Copy out the data word for word, without any of its pictures.

→ Information supplied
::::::::

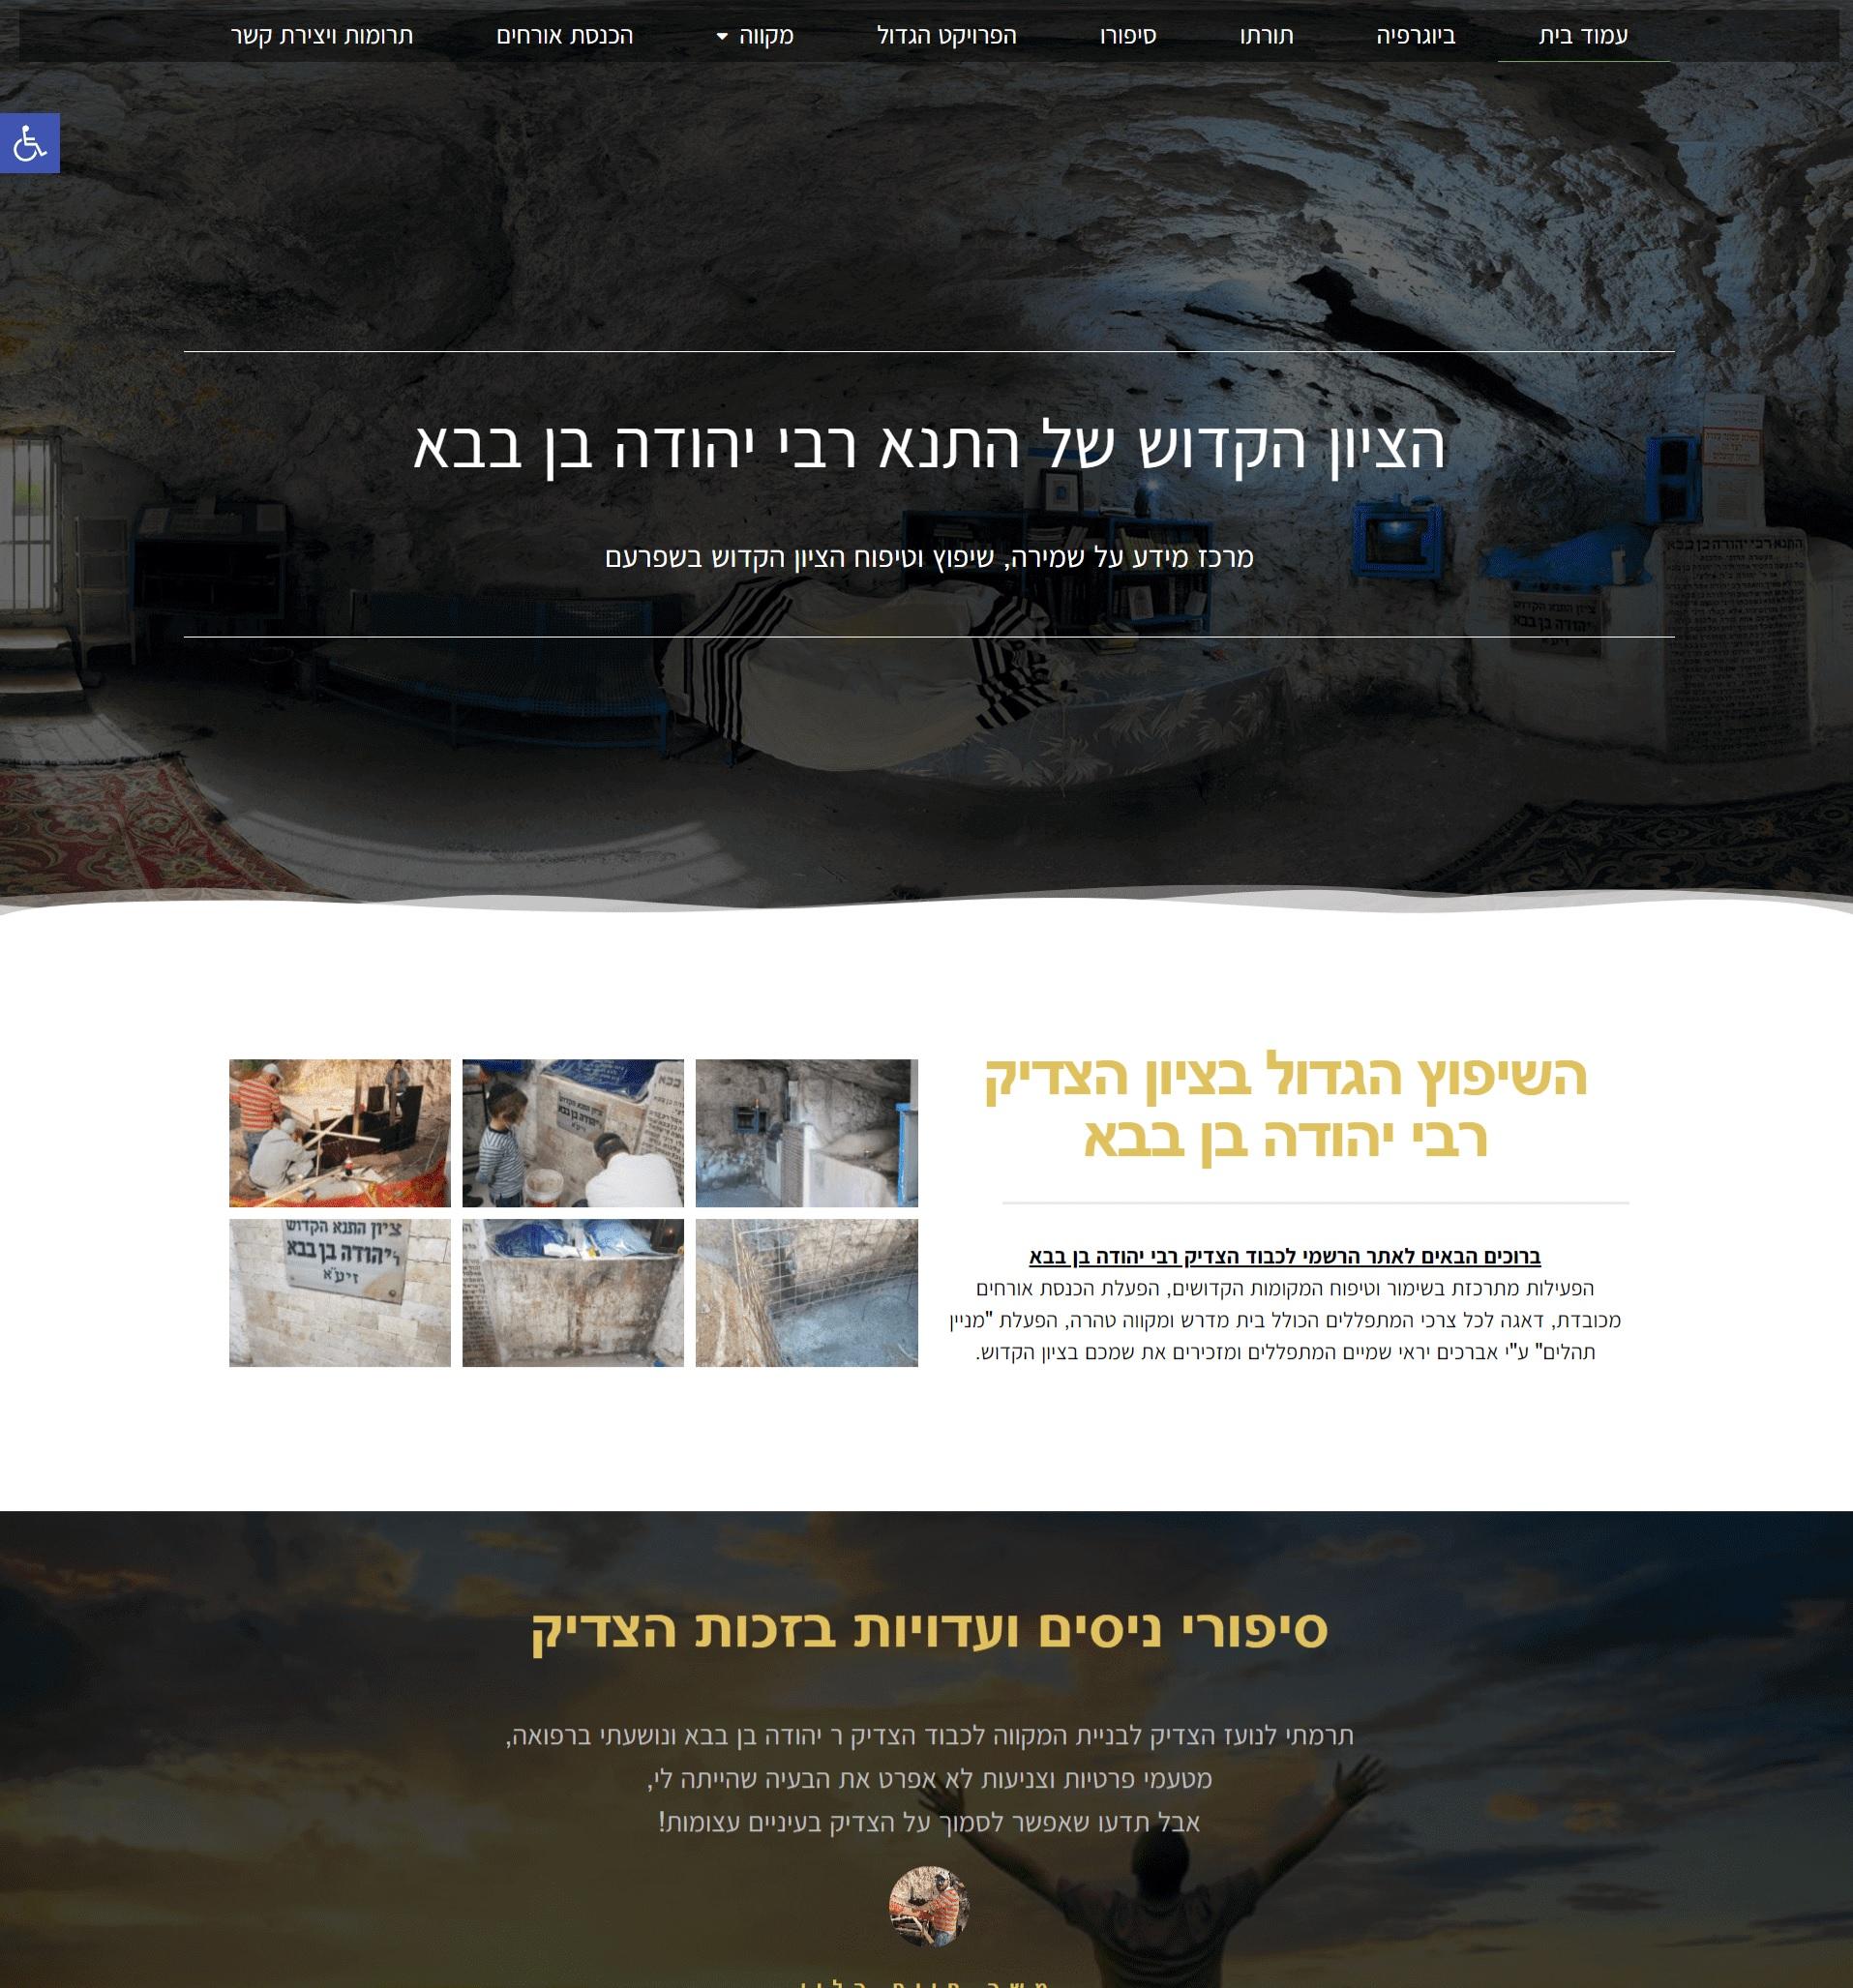 חצי תמונת מסך תצוגה אתר לקידום המקום הקדוש בשפרעם התנא רבי יהודה בן בבא
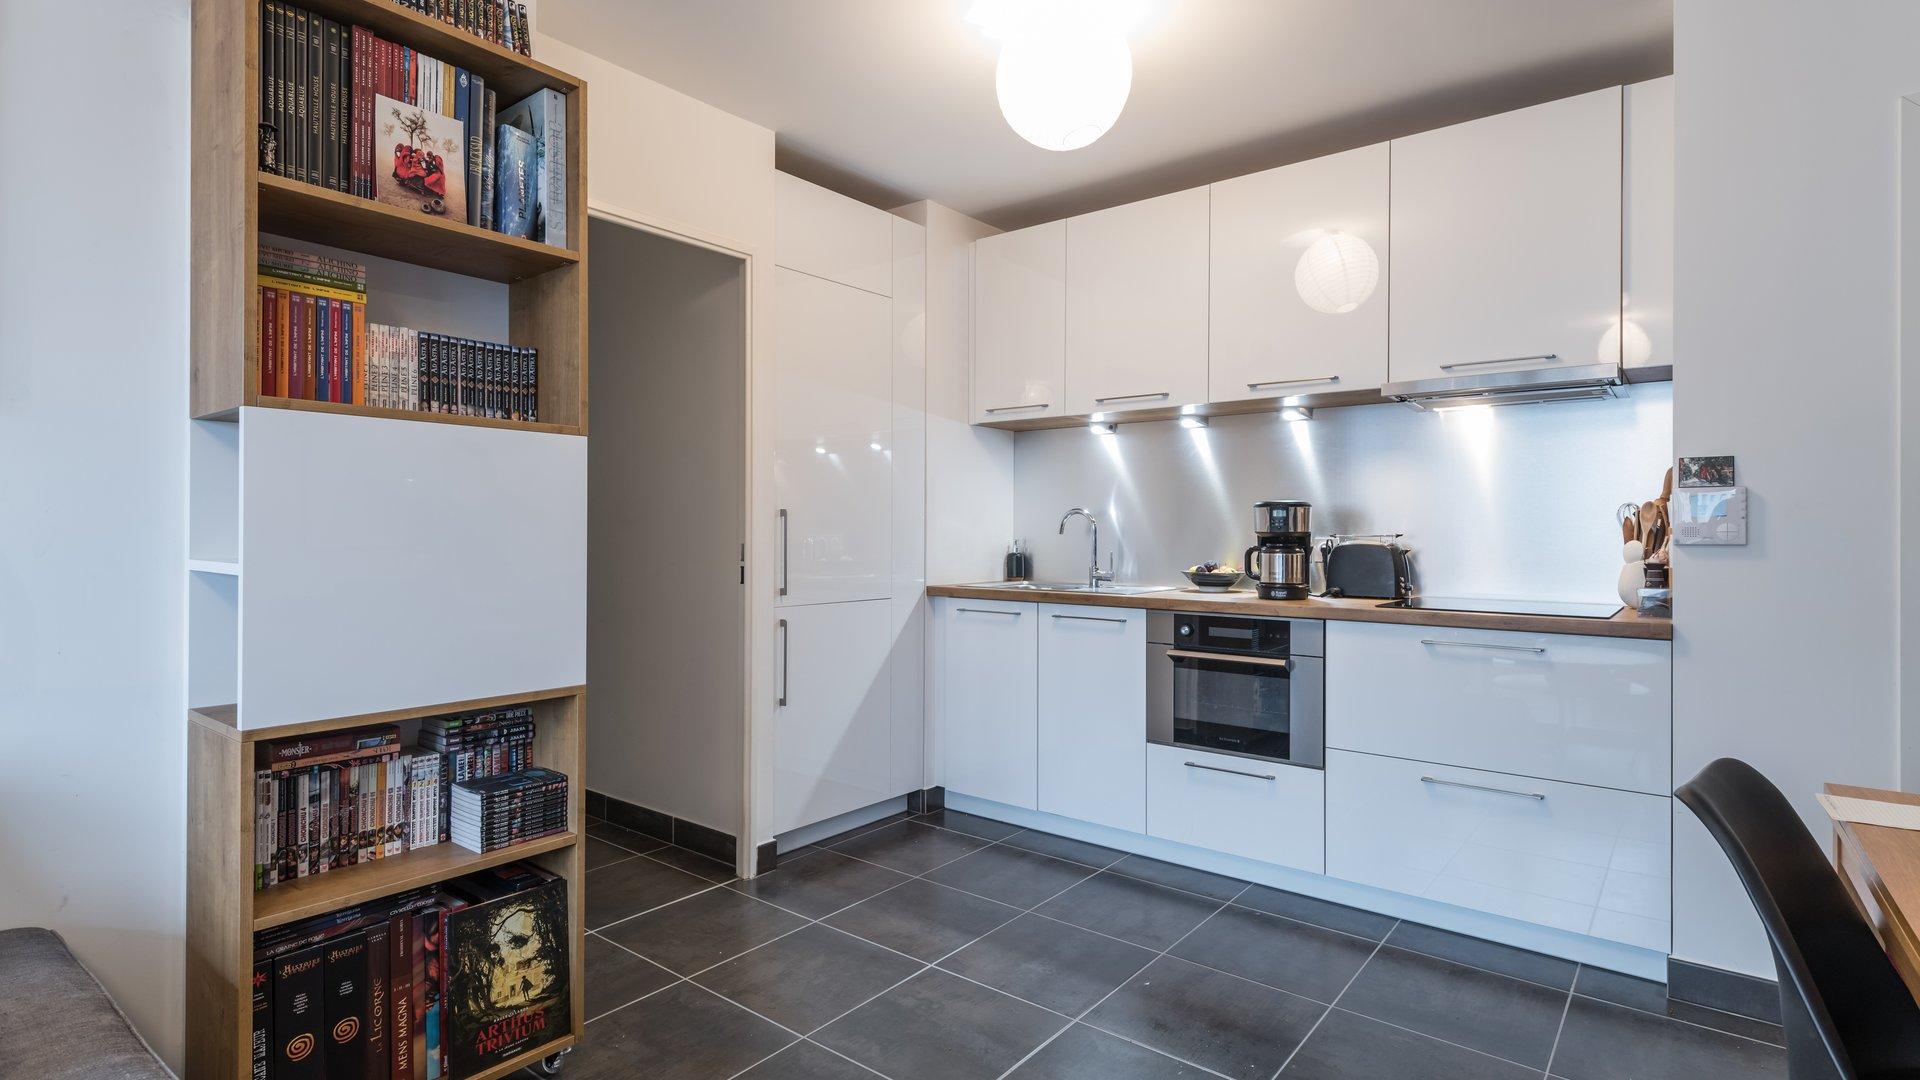 Comment aménager une petite cuisine ? - Blog Schmidt
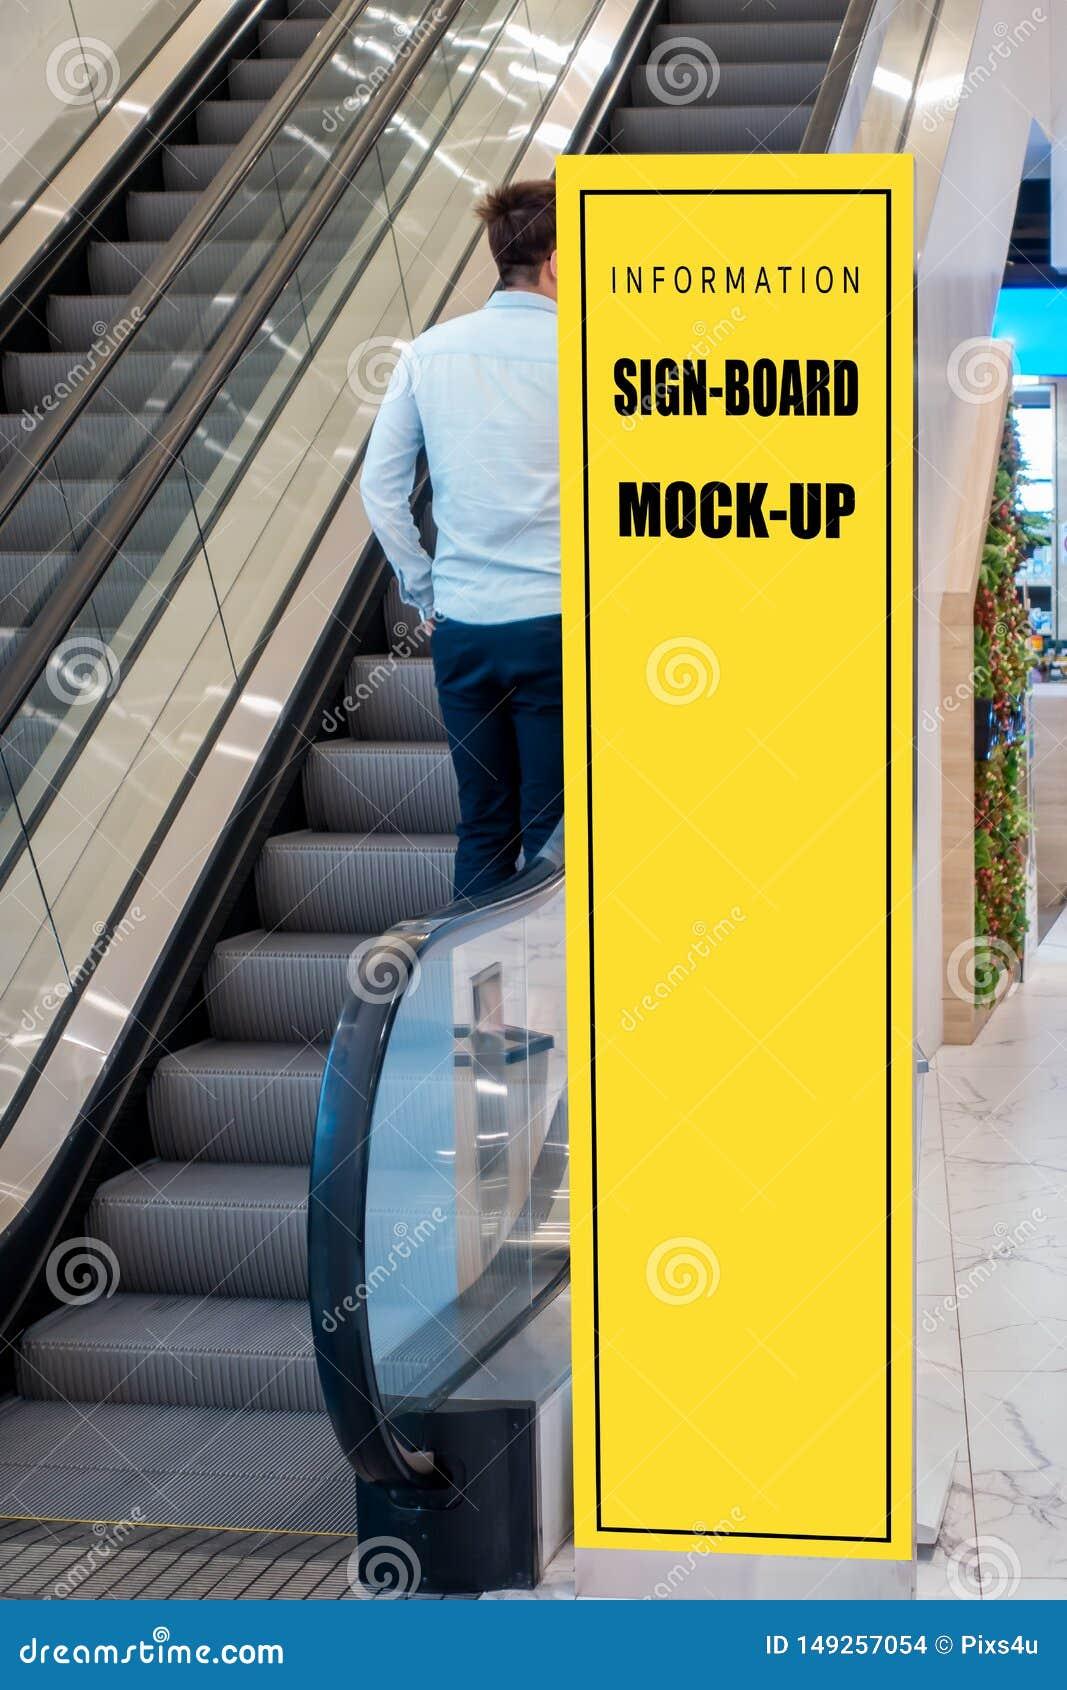 Mock Up Tall Signboard Near Escalator In Shopping Mall Stock Photo

::::::::

→ Worked solution
 חצי תמונת מסך תצוגה אתר לקידום המקום הקדוש בשפרעם התנא רבי יהודה בן בבא
 Comment aménager une petite cuisine ? - Blog Schmidt
 Mock Up Tall Signboard Near Escalator In Shopping Mall Stock Photo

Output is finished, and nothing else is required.